## PROVIDED DATA
= = = = =
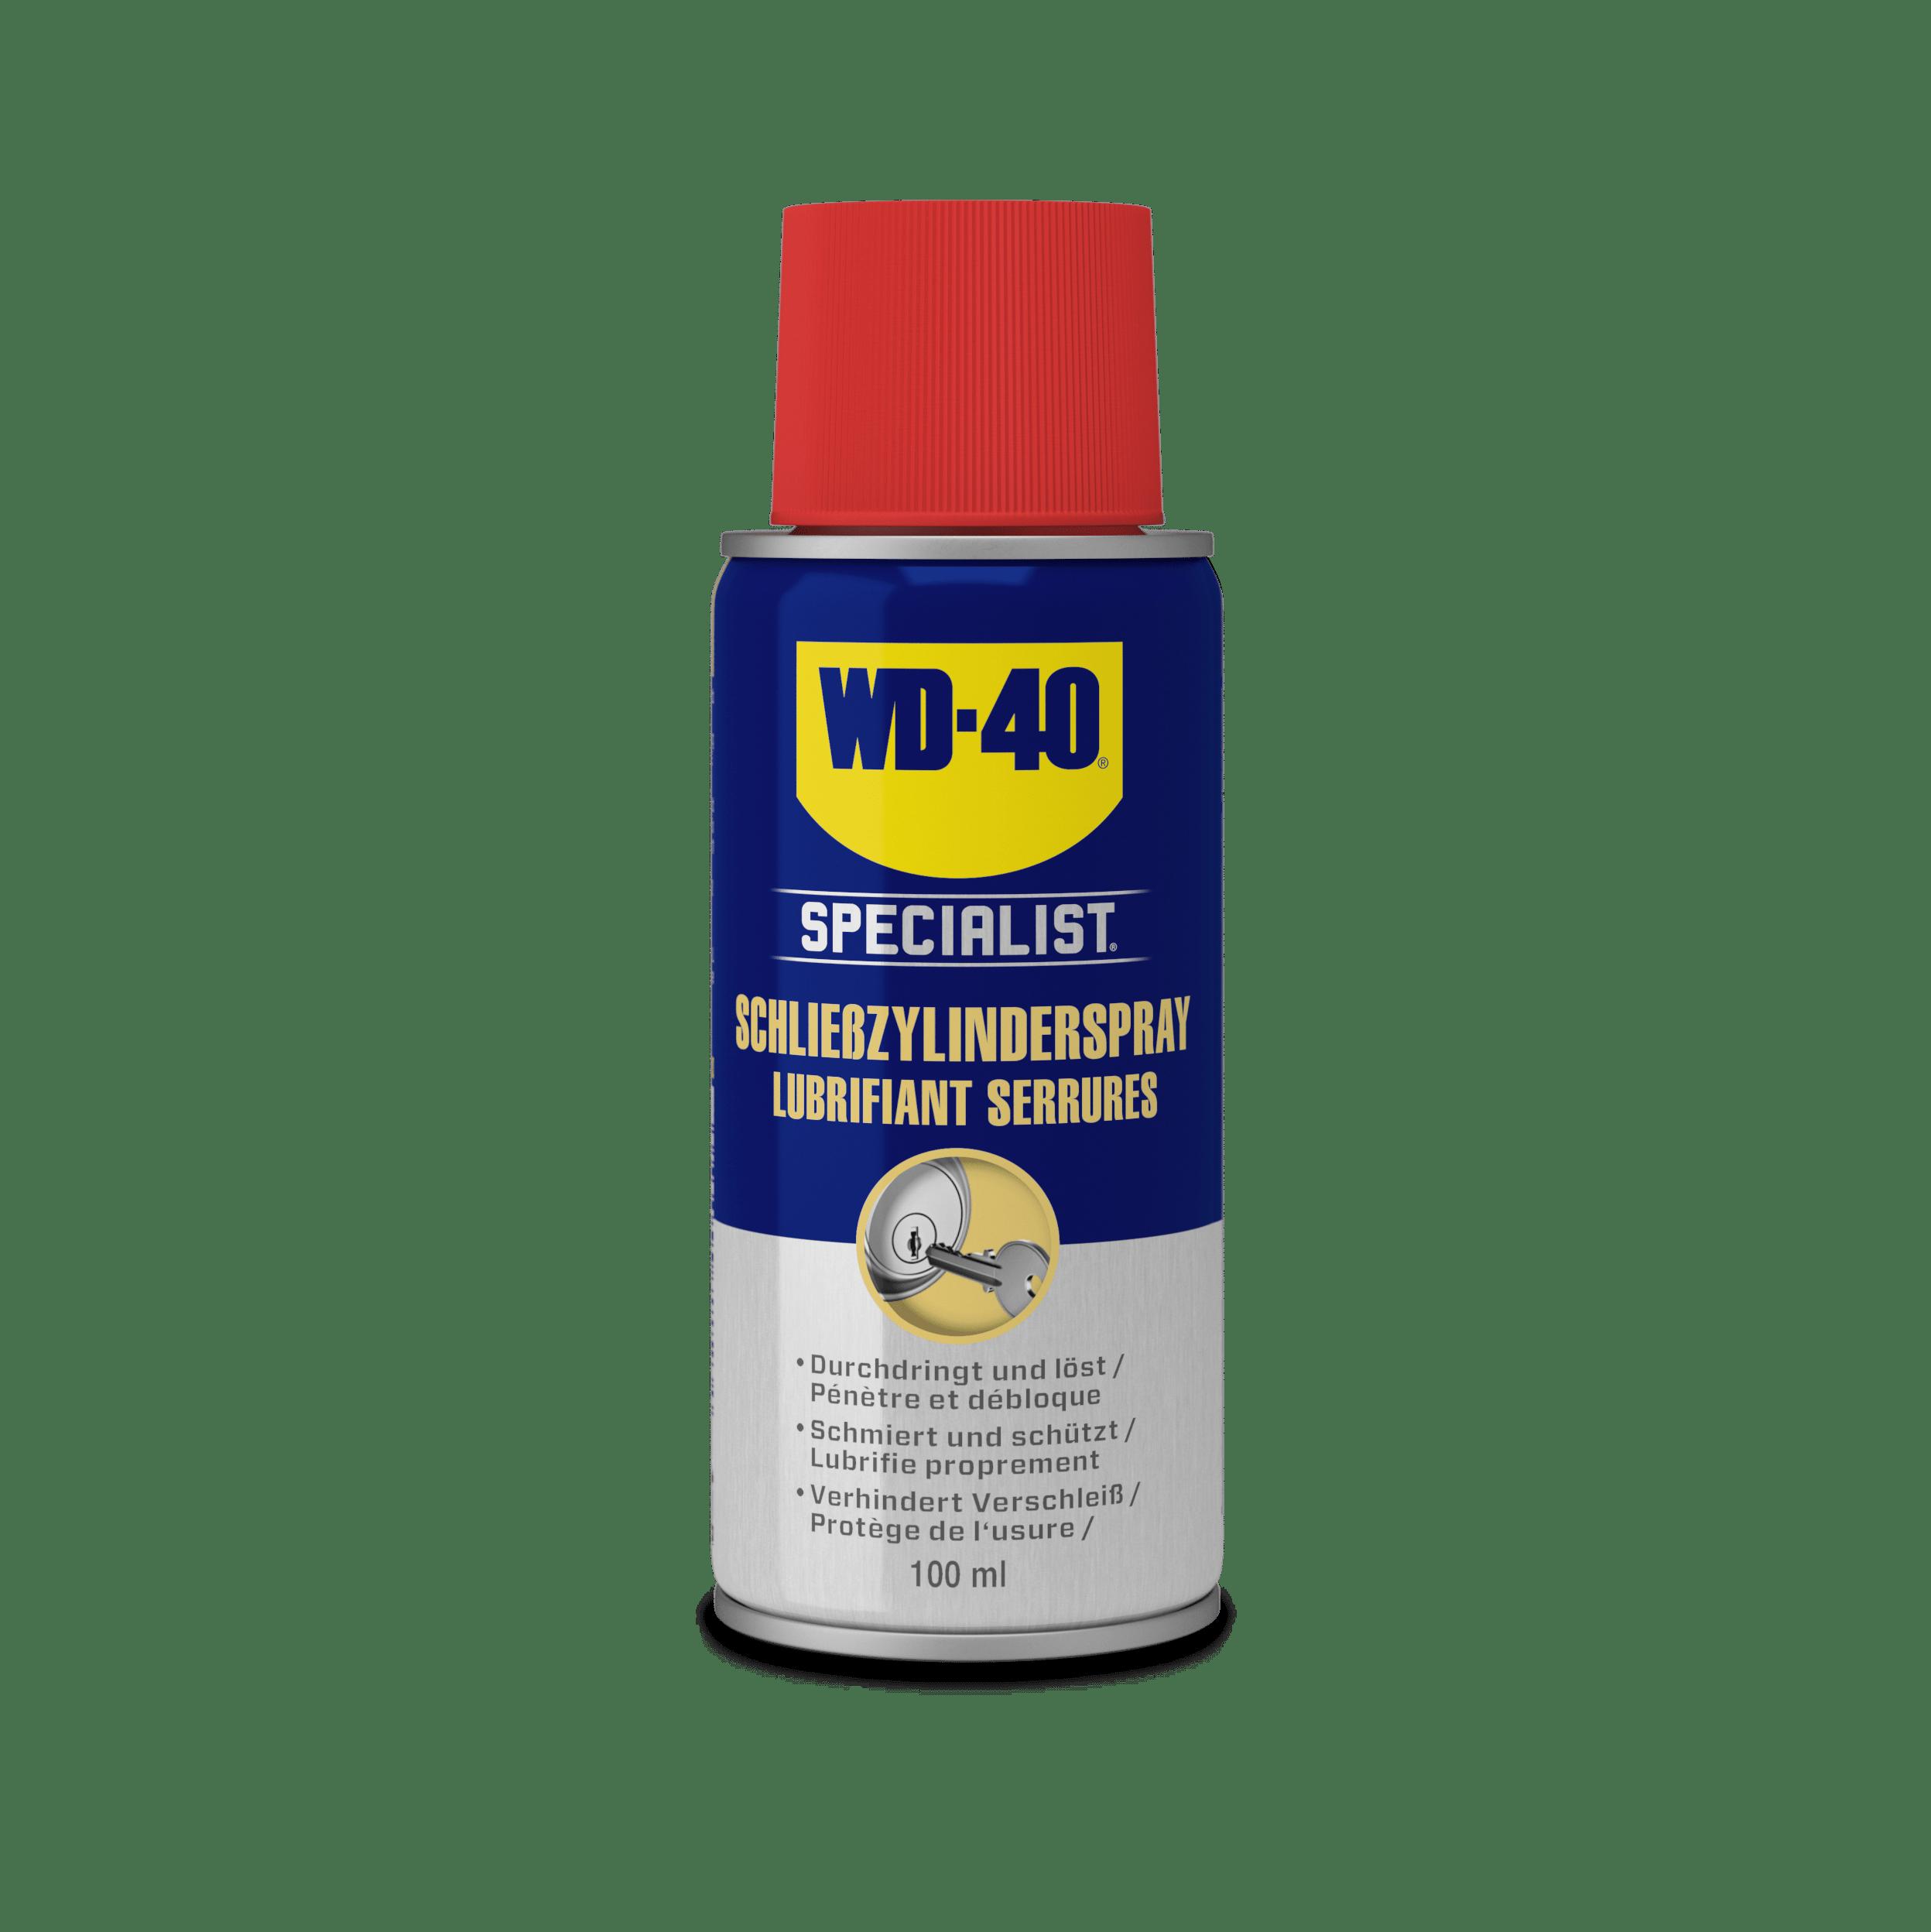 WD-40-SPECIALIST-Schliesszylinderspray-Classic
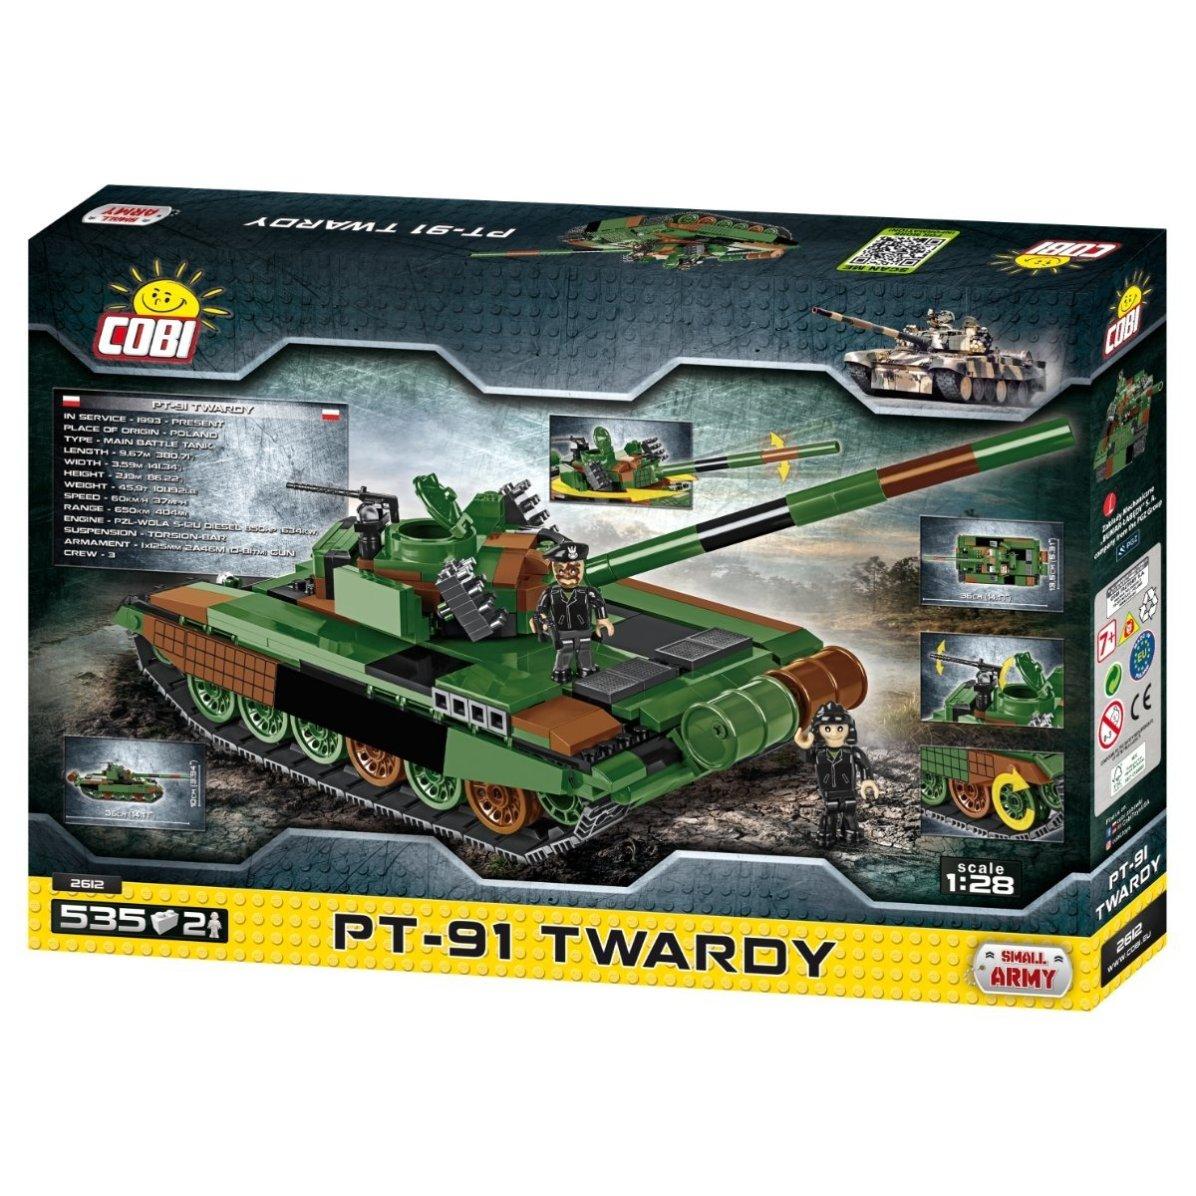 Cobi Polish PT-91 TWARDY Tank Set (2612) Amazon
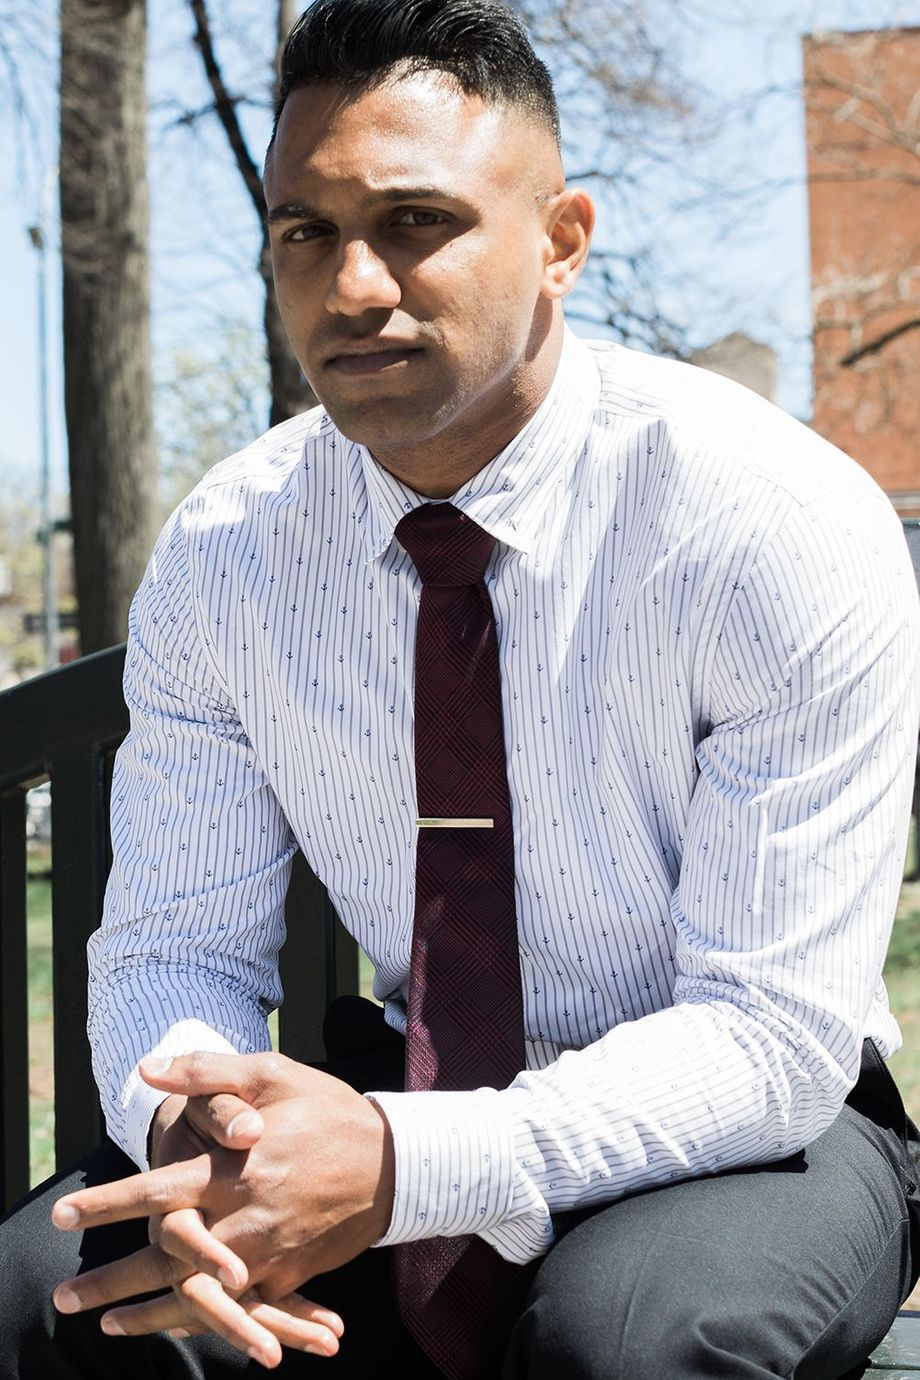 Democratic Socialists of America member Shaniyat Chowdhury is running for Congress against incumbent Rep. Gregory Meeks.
= = = = =
## WHAT YOU SHOULD DO
The task requires the full listing to be given again verbatim, without its pictures.

## ANSWER SECTION
 WD-40-SPECIALIST-Schliesszylinderspray-Classic
 Cobi Polish PT-91 TWARDY Tank Set (2612) Amazon
 Democratic Socialists of America member Shaniyat Chowdhury is running for Congress against incumbent Rep. Gregory Meeks.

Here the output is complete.